Silivri cezaevi'nde tutuklu bulunan Başbuğ’un avukatı İlkay Sezer aracılığıyla Hürriyet gazetesine yaptığı açıklama şöyle:
Bu, asimetrik psikolojik harekât
“Şu an cezaevi ortamının getirdiği kısıtlayıcı koşullar altında yaşıyorum ama bu koşullar kendimi özgür hissetmemi hiçbir şekilde engellemiyor. Özgürlük sadece dışarıda olmak değildir. Hakkımda tanzim edilen iddianamenin sonuç bölümüne bakılırsa, Genelkurmay Başkanı olarak iddia edilen Ergenekon terör örgütü amaçları doğrultusunda hareket ettiğim, bu faaliyetleri yönetmekle suçlandığım görülür. Evet ben, yalnız bir farkla Genelkurmay Başkanı’nın görev ve sorumlulukları doğrultusunda, Türk Silahlı Kuvvetleri’ni yıpratmak, sindirmek ve itibarsızlaştırmak maksadıyla yürütülmekte olan asimetrik psikolojik harekâta karşı mücadele ettim.
Evet ben, varlığı halen kanıtlanmamış bir terör örgütüne atıfta bulunarak, Türk Silahlı Kuvvetleri personelinin masumiyet karinesi hiçe sayılarak, kamuoyunda haksız ithamlarla yıpratılmasına ve itibarsızlaştırılmasına karşı çıktım. Evet ben, Genelkurmay Başkanlığı görevinde bulunduğum süreçte Türk Silahlı Kuvvetleri’nin birlik bütünlüğünü ve disiplinini olabilecek her türlü olumsuz etkilere karşı korumak için var gücümle çalıştım. Evet, ben bu süreçte karşılaştığımız sorunlara ilişkin görüş ve tekliflerimi yetkili makamlara ilettim. Zaman zaman da bu konuya ilişkin görüşlerimi, yaptığım konuşmalarla kamuoyuyla paylaştım. Benim yaptığım, yapmaya çalıştığım budur.

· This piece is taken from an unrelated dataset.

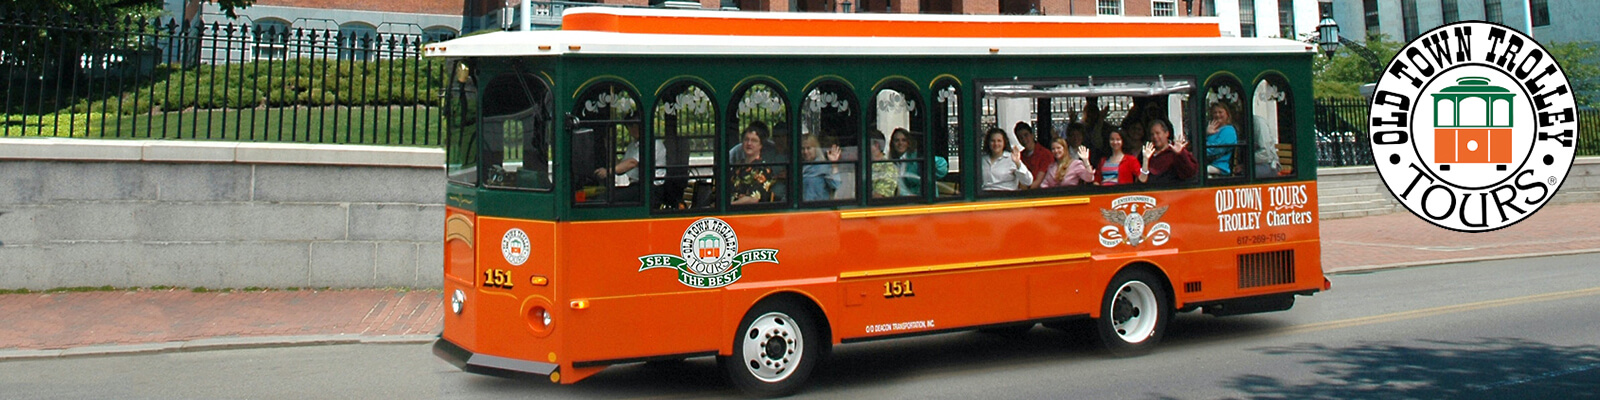 Boston Old Town Trolley City Tour Ghosts and Gravestones Combo Coupons
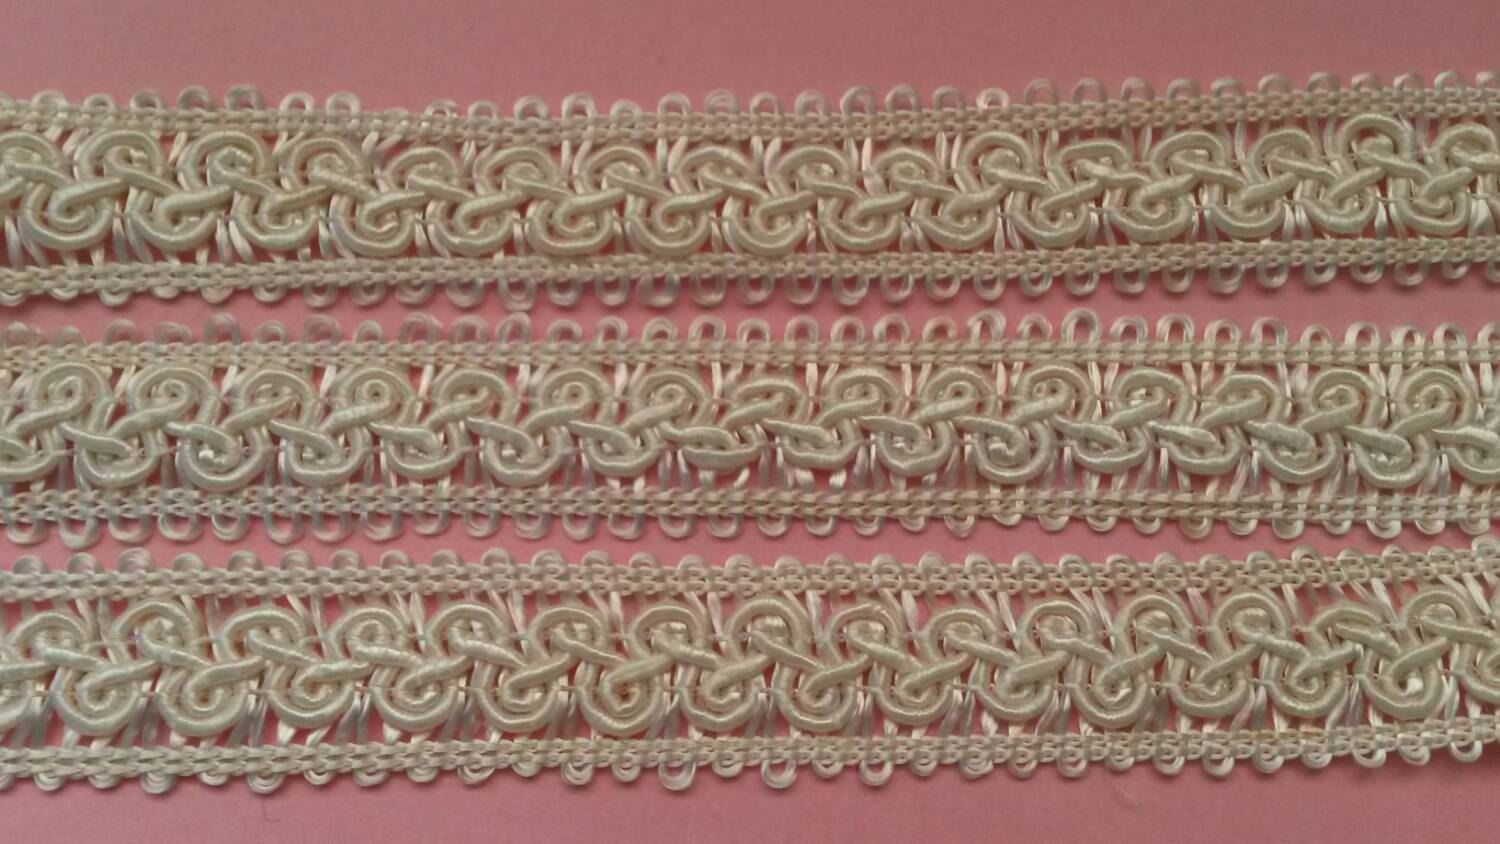 2 Yards White Braided and Cotton Lace Trim by Yard 1 inch

TSK'ya yöneltilen ağır bir suçlama
Ancak bugün, inanıyorum ki yapmış olduğum bu faaliyetler ve konuşmalar nedeniyle adeta ‘konuştuğum için’ emekli olduktan neredeyse 2 yıl sonra Silivri’de tutuklandım. Bu suçlamanın kişisel boyutta kaldığı düşünülemez. Anayasa’nın 117’nci maddesine göre Genelkurmay Başkanı Silahlı Kuvvetlerin Komutanı’dır. Bir kimseye hem Türk Silahlı Kuvvetleri’nin komutanı hem de silahlı terör örgütünün yöneticisi demek her şeyden önce Türk Silahlı Kuvvetleri’ne yöneltilen ağır bir suçlamadır. Soruşturma ve kovuşturma safhasında karşılaştığımız hukuk sürecinin bu şekilde yönetilmesinin ve isnat edilen suçların Türk adalet sistemi üzerine gölge düşürdüğüne dair kamuoyunda önemli bir mutabakatın şekillendiğini görmemek mümkün değildir. Bunlar kamuoyu vicdanının rahatsız olduğunun işaretidir.”